In fact, since far-UVC light is 10 to 1000 times safer to use around humans than traditional UV-C, it can be used to disinfect a room even when people are present. This makes it practical for daily disinfection tasks. According to the study cited above:
"Based on biophysical considerations and in contrast to the known human health safety issues associated with conventional germicidal 254-nm broad-spectrum UVC light, far UVC light does not appear to be cytotoxic to exposed human cells and tissues in vitro or in vivo."
3. Far-UVC is superior to conventional disinfection methods
There’s significant use of far-UVC air disinfection in healthcare settings and cleanroom environments. When far-UVC is combined with indoor air filtration, it virtually eliminates airborne microbes, even antibacterial-resistant ones. This makes it a crucial tool for meeting ICRA Class IV standards for protecting the highest-risk patients. Further, cleaning the air of pathogens can help minimize the chance of spreading a virus even as it mutates into something that may bypass the latest vaccines.
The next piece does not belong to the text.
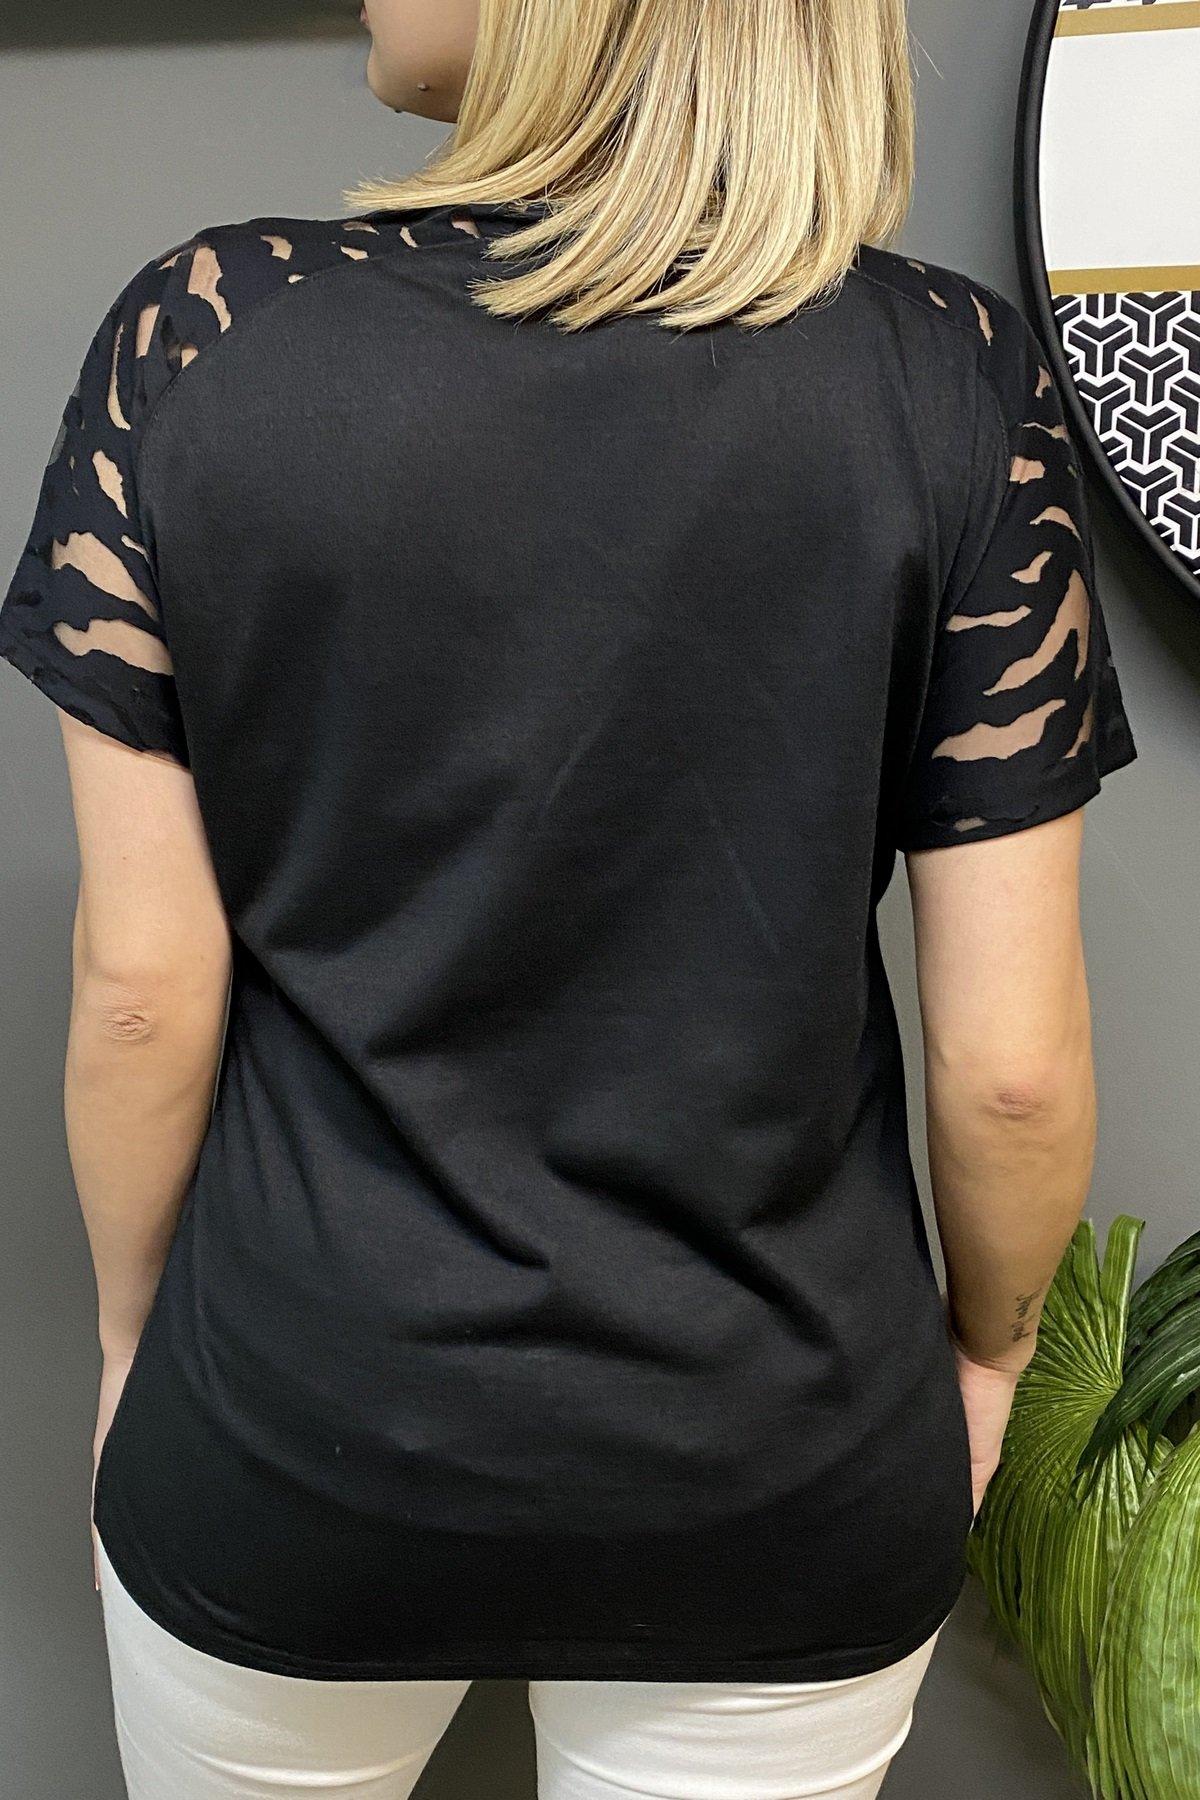 Kol Üstü Tül Göğüs Üstü Taşlı Dart Desenli Bluz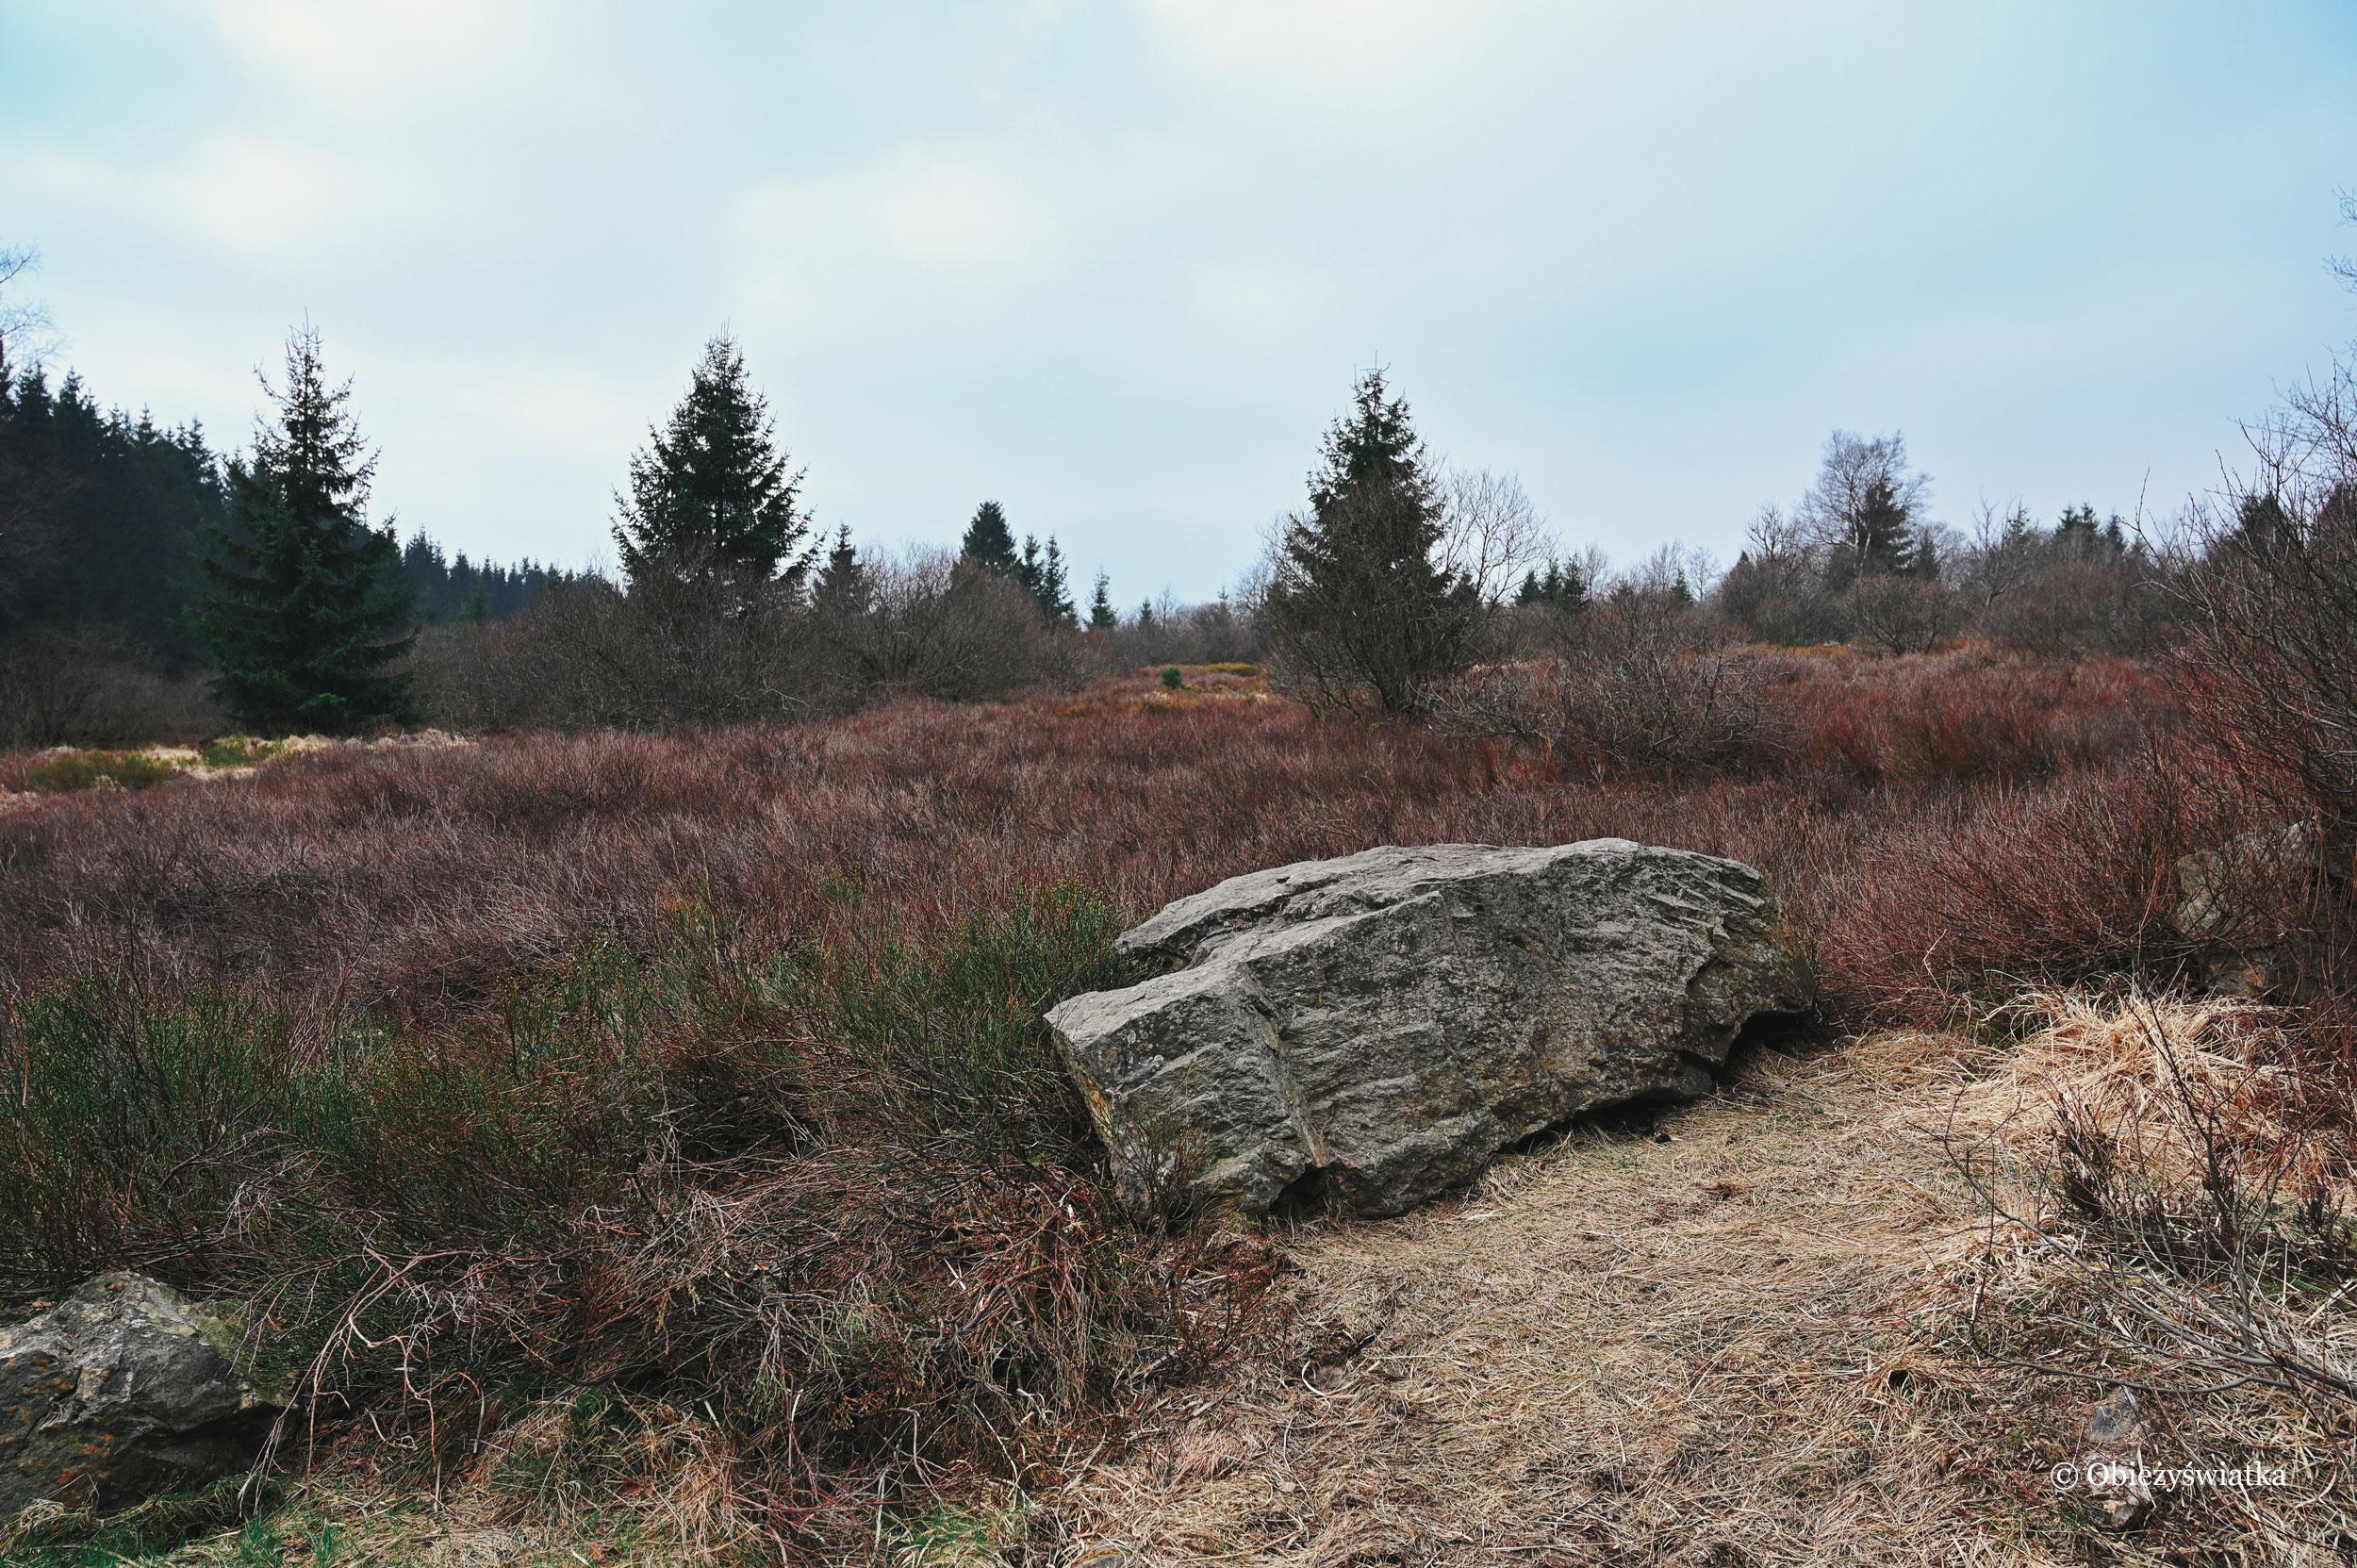 Wrzosowiska - Hohes Venn, Belgia

The inclusion of far-UVC light as a cleaning tool can reduce a hospital staff's use of, and therefore exposure to, potentially harmful sterilants and high-level disinfectants typically used by hospitals to control HAIs (healthcare-associated infections).
4. Far-UVC disinfection products by HEPACART® set industry standards
High-efficiency particulate air (HEPA) filtration is used in HEPACART® products such as dust containment carts and negative air machines to prevent dust carrying airborne pathogens from circulating throughout a building during maintenance and construction.
Although the medical-grade HEPA filters used by HEPACART® trap 99.97% of particles 0.3 micrometers (µm) or larger, catching most dust and spores, they let through smaller bacteria and viruses smaller than 0.3 µm.
Where disinfection is a high priority, it makes sense to supplement mechanical filtration with far-UVC disinfection lights such as those included in our UV-FORCE equipment.
Here's a rundown of hospital disinfection products sold by HEPACART® that combine far-UVC with HEPA filtration.
UV-FORCE Air Disinfection Module: Placed downstream from HEPA-filtered air, this unit performs a one-pass kill of pathogens in less than 1/5 of a second. It is compatible with HEPACART® dust containment carts and AnteRoom™ as well as most HEPA-filtered negative air machines on the market.
UV-FORCE GermBuster Air Purifier: The portable GermBuster can be rolled to where it's needed to provide continuous air disinfection in patient rooms, waiting rooms, offices, and conference rooms. One unit will process all the air in a 2,000-foot room nine times per hour to reduce the viral load in the air to safe levels.
Here’s a quick summary
In this post, we have tried to clarify the difference between conventional UV-C and far-UVC and provided useful context for comparing UV sterilization devices. Far-UV-C lamps are long-life, efficient, instant-on, unaffected by temperature and humidity, and mercury-free. Their use in infection control can improve the patient experience while making the healthcare environment safer for patients, visitors, and staff.